Now,you need to start Mnesia on both nodes:
foo@localhost 3>application:start(mnesia).
bar@localhost 1>application:start(mnesia).
The database is running! Create a distributed table:
foo@localhost 4> mnesia:create_table(muppet, [
{attributes, record_info(fields, muppet)},
{disc_copies [foo@localhost, bar@localhost}]).
Note how the disc_copies
attribute specifies the nodes on which you want to keep a persistent
copy. Check that everything looks all right:
foo@localhost 5> mnesia:info().
Now, look around you and type in your current cast of Muppets:
foo@localhost 6>mnesia:dirty_write(#muppet
{name = "Francesco" callsign="HuluHuluHulu", salary = 0}).
See how many Muppets you have so far:
foo@localhost 7> mnesia:table_info(muppet, size).
List their names with a function we have not covered in this chapter, but which you should have picked up when reading the Mnesia manual pages:
foo@localhost 8> mnesia:dirty_all_keys(muppet).
Excellent; now go to the other node and look up a Muppet:
bar@localhost 2> mnesia:dirty_read({muppet, "Francesco"}).

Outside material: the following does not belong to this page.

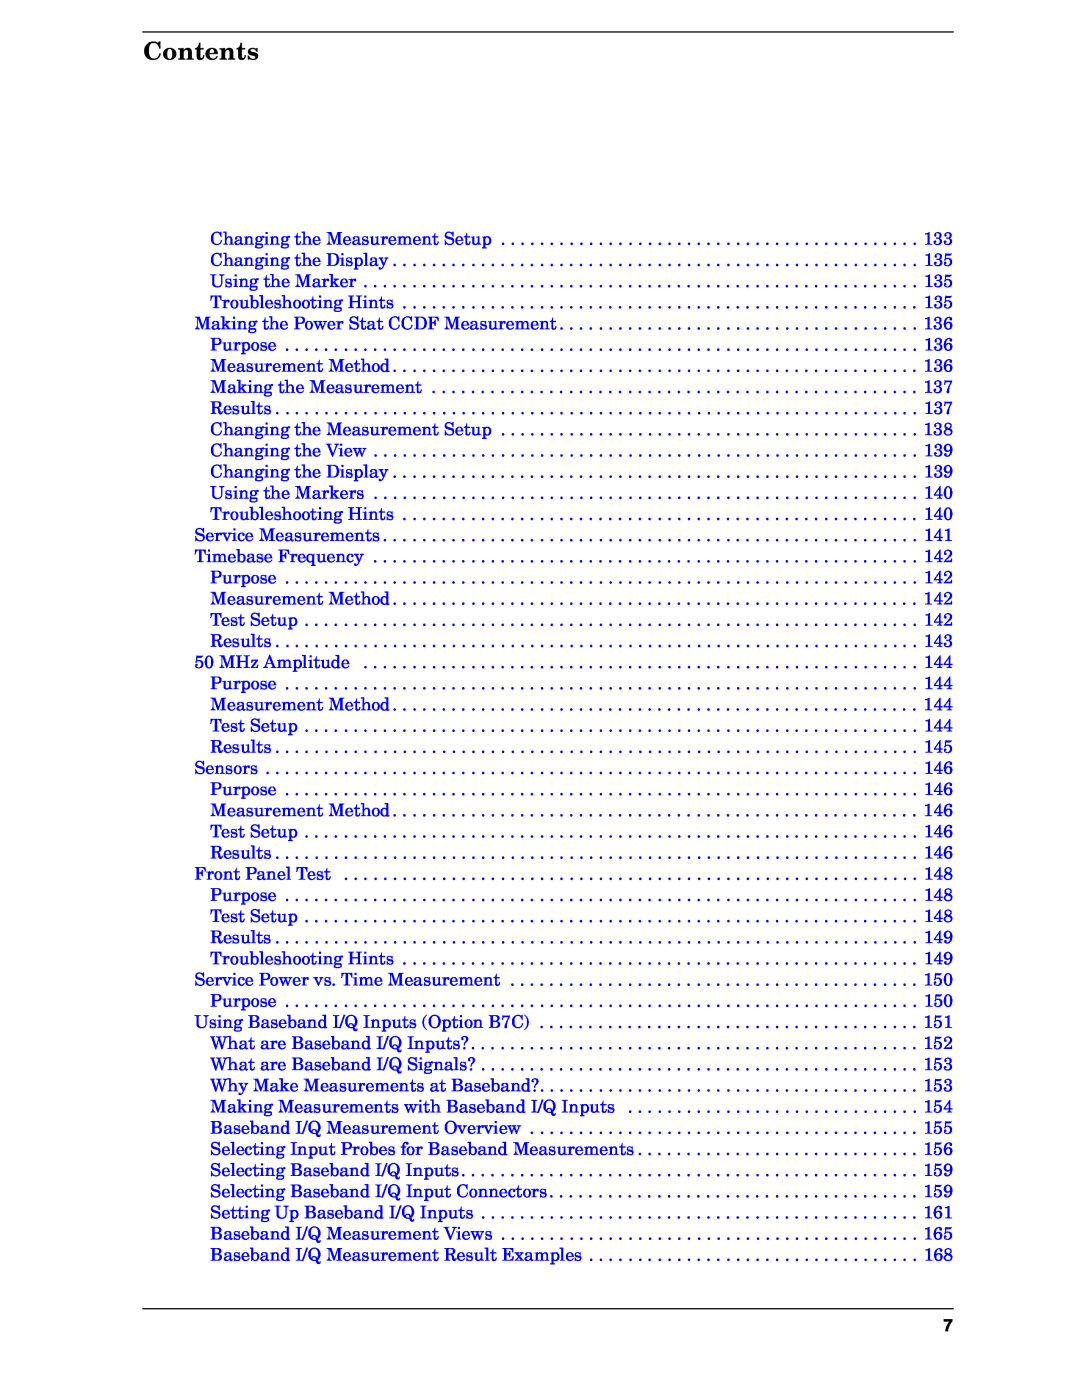 Agilent Technologies E4406A manual Contents

Write a function that reads a Muppet’s salary and increases it by 10%. Use a transaction to guarantee that there are no race conditions.
Implement the usr_db.erl
module
from Chapter 10 with dirty Mnesia
operations. The module should be completely backward compatible with the
ETS- and Dets-based solution. Test it from the shell, and when it works,
serialize the operations in a process, using the usr.erl
module. Your create_tables/1
and close_tables/0
calls should start and stop the
Mnesia application, and the restore_backup/0
call should implement a
wait_for_tables/2
call. All other
functions should return the same values returned in the original
example.
[31] Klacke is the same person we need to thank for giving us the ASN.1 compiler, the first-generation garbage collector, ETS, Dets, the Erlang Distribution, bit syntax, and YAWS. I am sure he will be thrilled to receive your bug reports.
[32] Those familiar with databases might be surprised that we called this “schema creation,” since it more closely resembles creation of the database itself, with the schema—the details regarding which tables the database contains—being created implicitly by subsequent table operations to create tables.